With pictures left out, copy exactly every line from the one containing "Once cleaned, reinstall" through the end of the material.

*** Opening of Dataset section ***

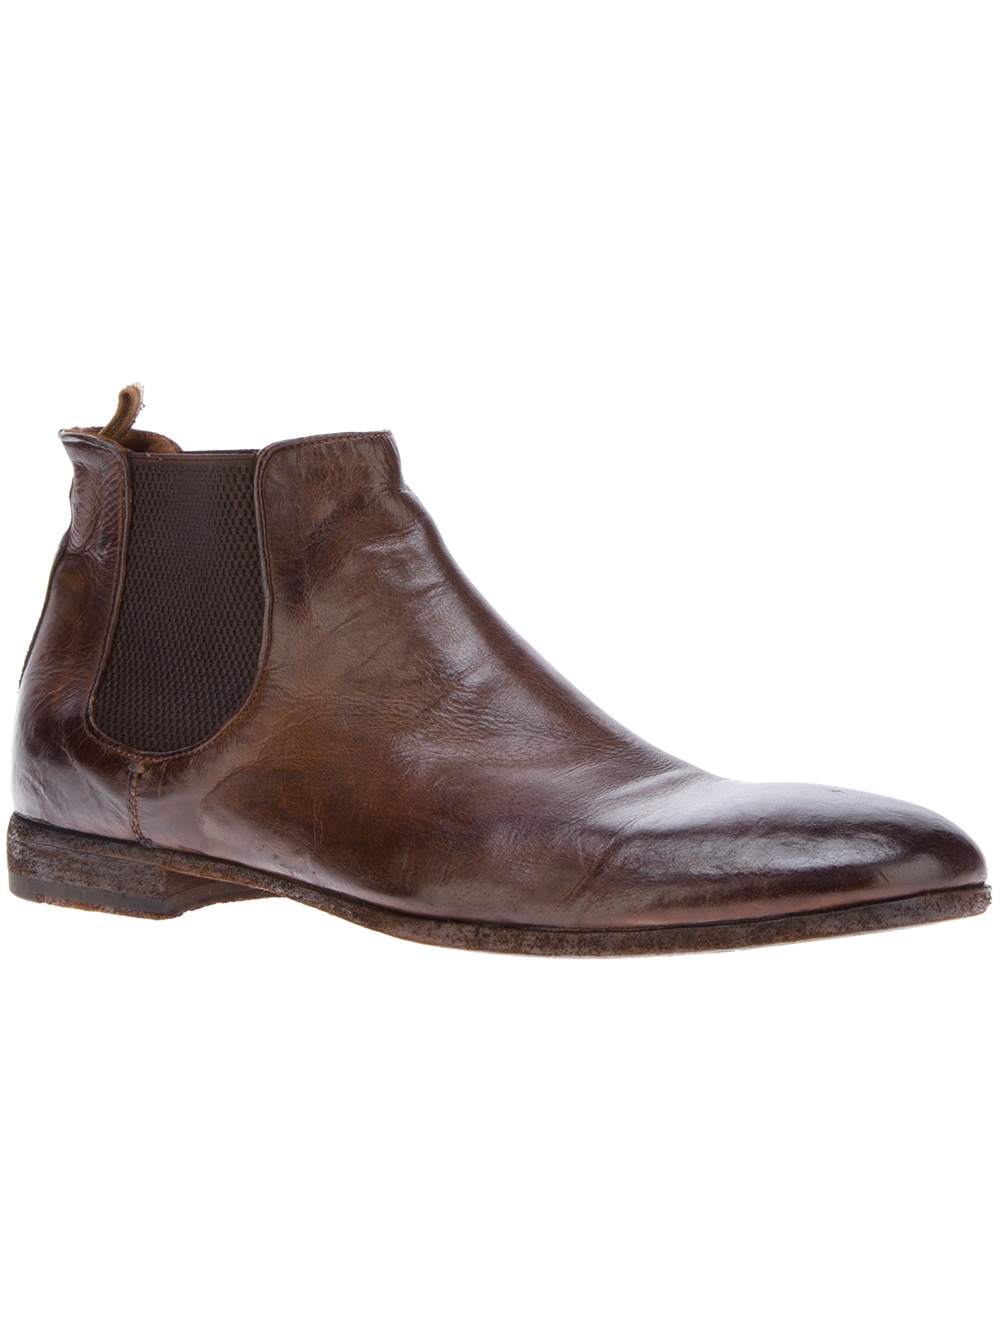 Officine creative Ankle Boot in Brown for Men | Lyst
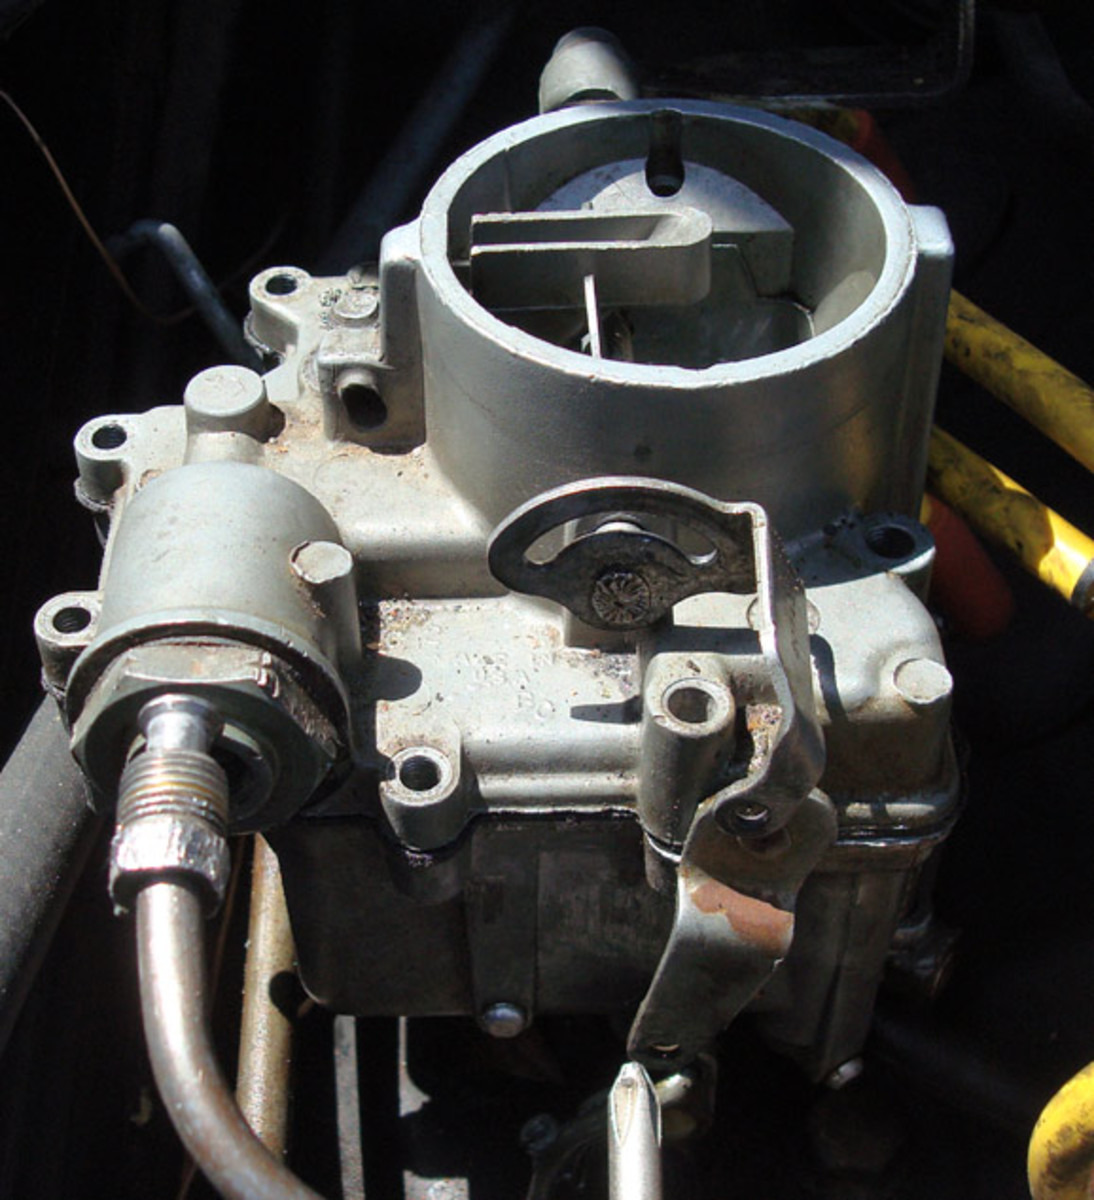 Once cleaned, reinstall the cluster back into the carb as you found it
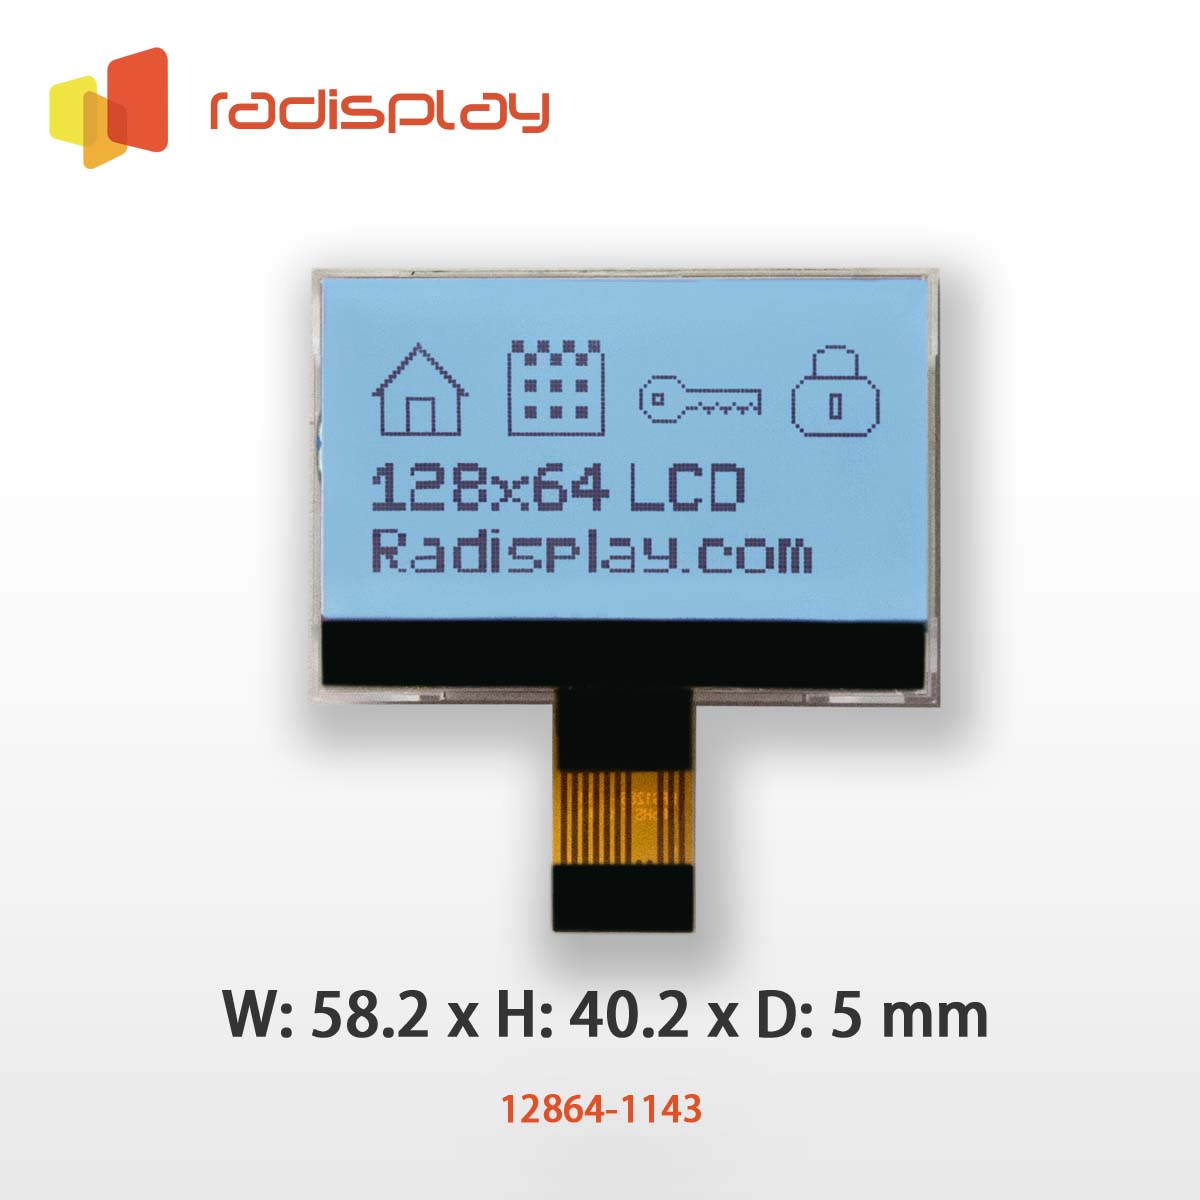 COG(Chip on Glass) LCD

*** Close of Dataset section ***

Solution to the exercise »
 Once cleaned, reinstall the cluster back into the carb as you found it
 COG(Chip on Glass) LCD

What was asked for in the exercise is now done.